The Best Simple Business Models

Most CEOs are very smart. Which can be a problem. Smart often crowds out simple, because there’s a tendency to always reach for your strongest weapon.

Simplification is the most underrated trait in business. It draws your attention to basic questions like “Do people need this product?” in a way complex thinking can overlook.

No matter how complex your product is, a few simple business models tend to move the needle most.

Make intimidating things painless. The smartest person you know understands how 0.01% of the world works, tops. An 18-year-old applying for college is asked to determine on their own whether their lifetime earnings will justify five figures of non-dischargeable debt. What do you think that feels like? Build a service around the empathy of others’ intimidation and they will run towards you, arms wide open. We recently invested in NextGenVest for this very reason.

Make boring things exciting. Rule of thumb: Boring tasks will be ignored until their neglect hurts you. Which means boring products leave enormous potential on the table. Kahn Academy made learning fun. Long Game makes savings a game. Mint made personal finance easy. Bring joy to painful activities and you multiply your addressable market.

Make complicated things simple. Lyft and Uber made it easier to get a ride. That’s all they did. But when you consider the number of steps it took to get a cab – giving yourself enough time to find one, hailing one, telling the driver where you’re going, trusting him to figure out how to get there, making sure you have enough cash to pay him, saving your receipt – you realize how much potential there is in reducing a lengthy set of tasks.

Make obfuscation transparent. A surprisingly large percentage of consumers have finely tuned BS detectors.
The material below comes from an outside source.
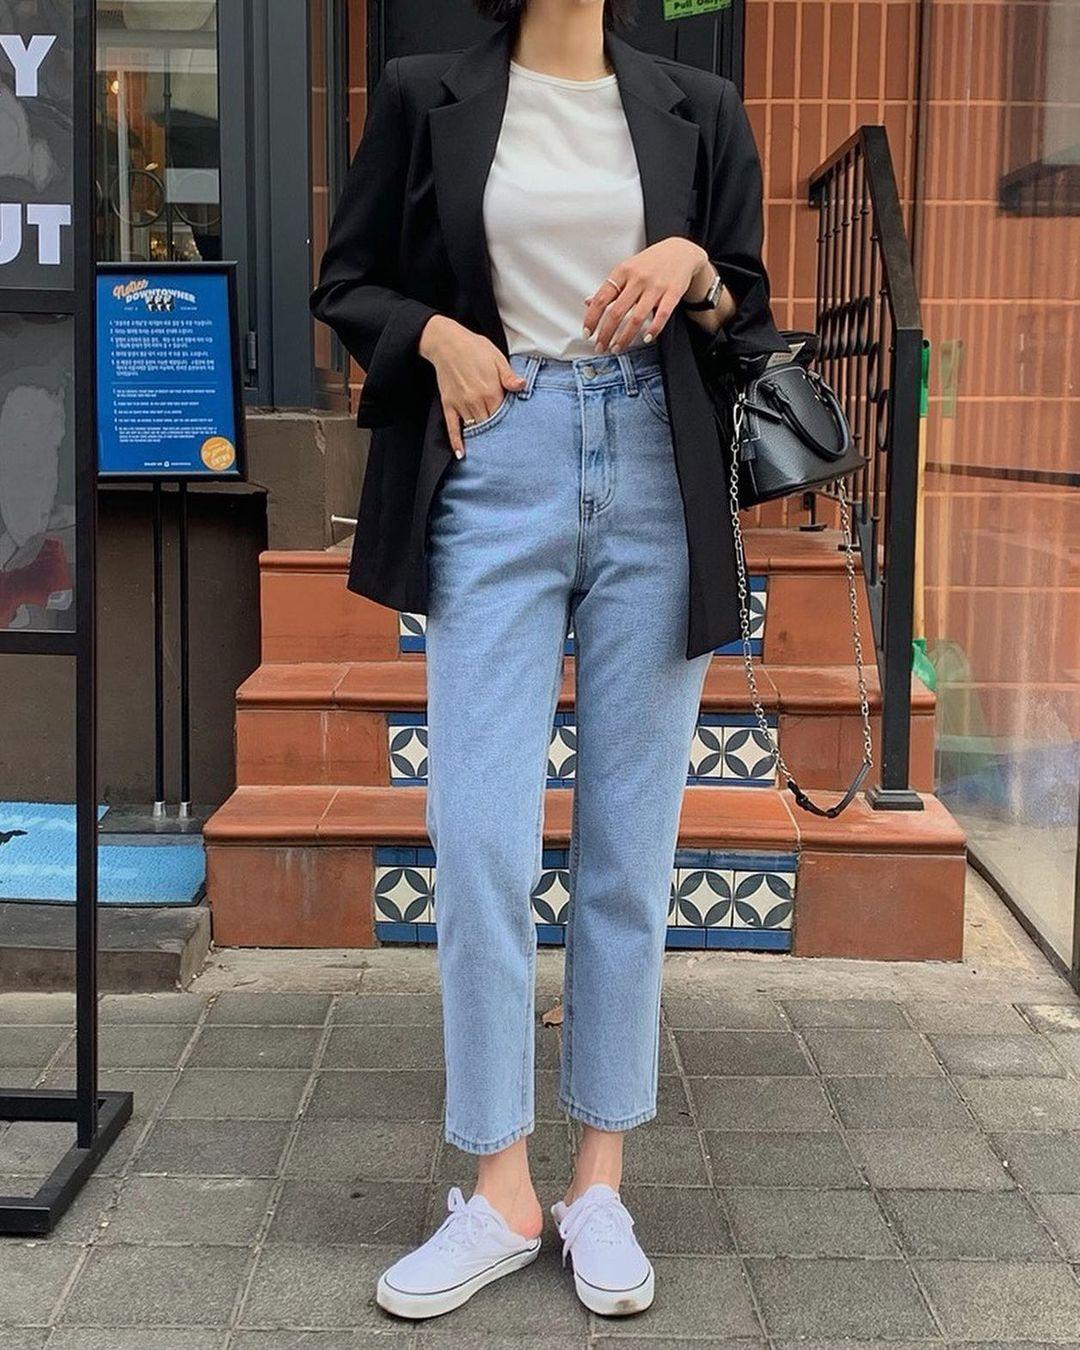 4 kiểu quần jeans dân sành điệu sẽ diện liên tục trong năm 2021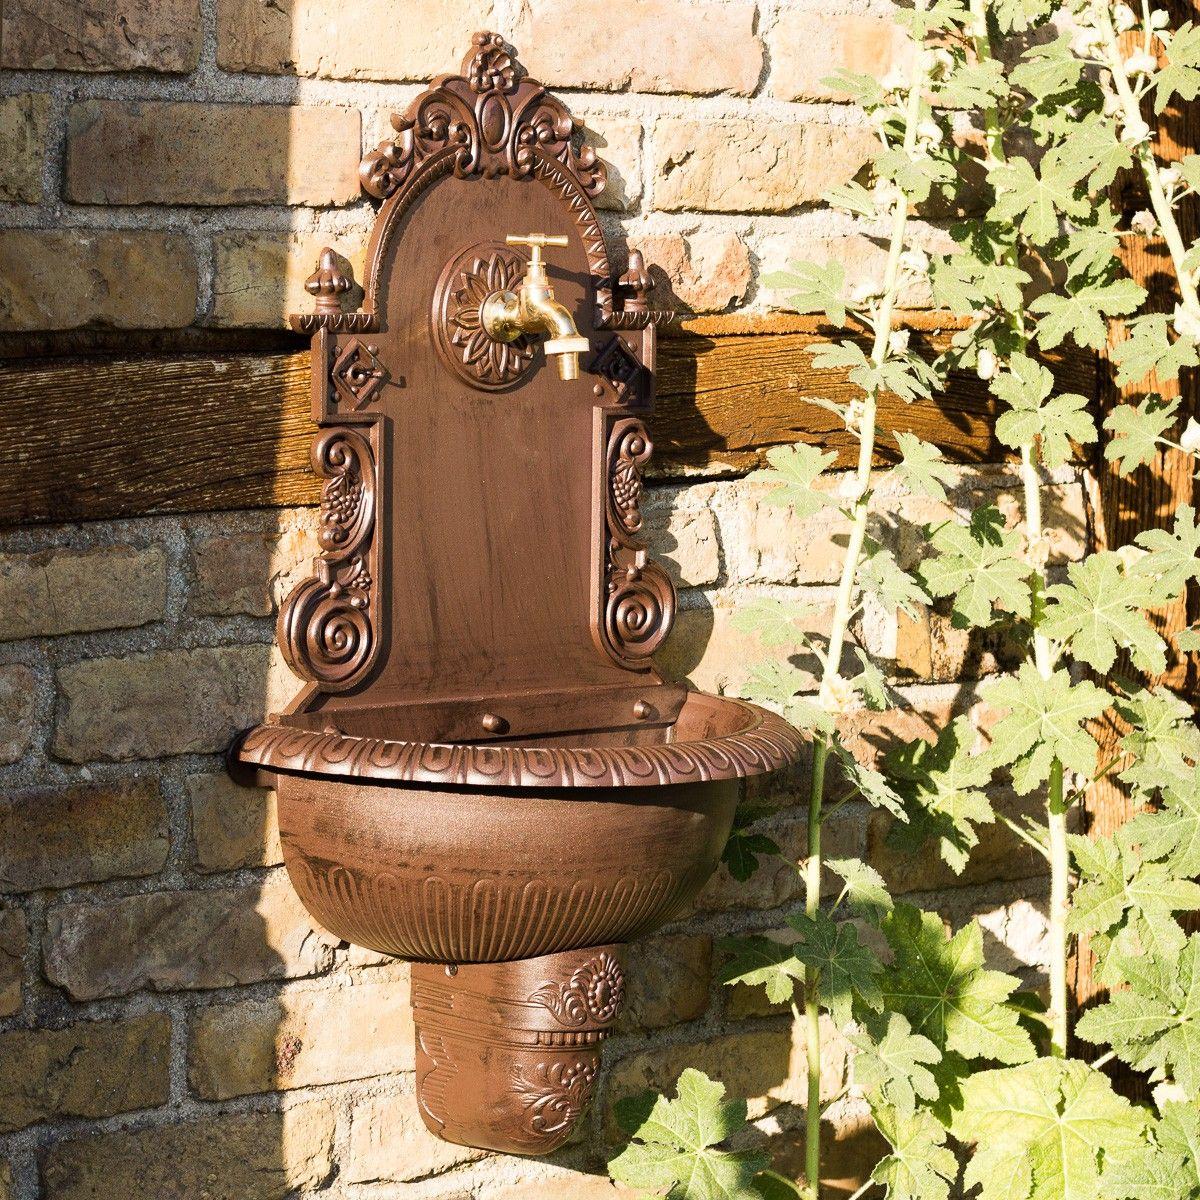 Gartenbrunnen Handwaschbecken Mit Schlauch Anschluss Waschbecken Garten H 75cm Waschbecken Garten Gartenbrunnen Garten

Brute-force honesty in an industry plagued with concealment is a great way to build trust. Even revealing your faults does wonders for trust. My colleague Sophie Bakalar recently wrote: “Honesty can be its own marketing strategy. That’s because authentic transparency is a proxy for a company’s values, which modern consumers increasingly care about.” Totally agree.

Make middlemen irrelevant. Someone told me most economic growth is just “the elimination of one middleman at a time.” Directionally true. Narrowing the gap between production and purchase, without sacrificing quality or distribution, will almost always be a winning formula. This is especially true when middlemen are gatekeepers of data. Empower customers to make better decisions and you’re indispensable.

Make things disappear. More value has been created taking stuff away from consumers than has by offering them more. That stuff includes: The need to farm, standalone cameras, cassette tapes, cable TV subscriptions, physical books, physical newspapers, filing cabinets, fax machines, mail, malls, a second car, and maybe soon, any car. All of these were replaced by something as good or better, but so invisible that you barely know it exists. Which can make customers happier than getting something new.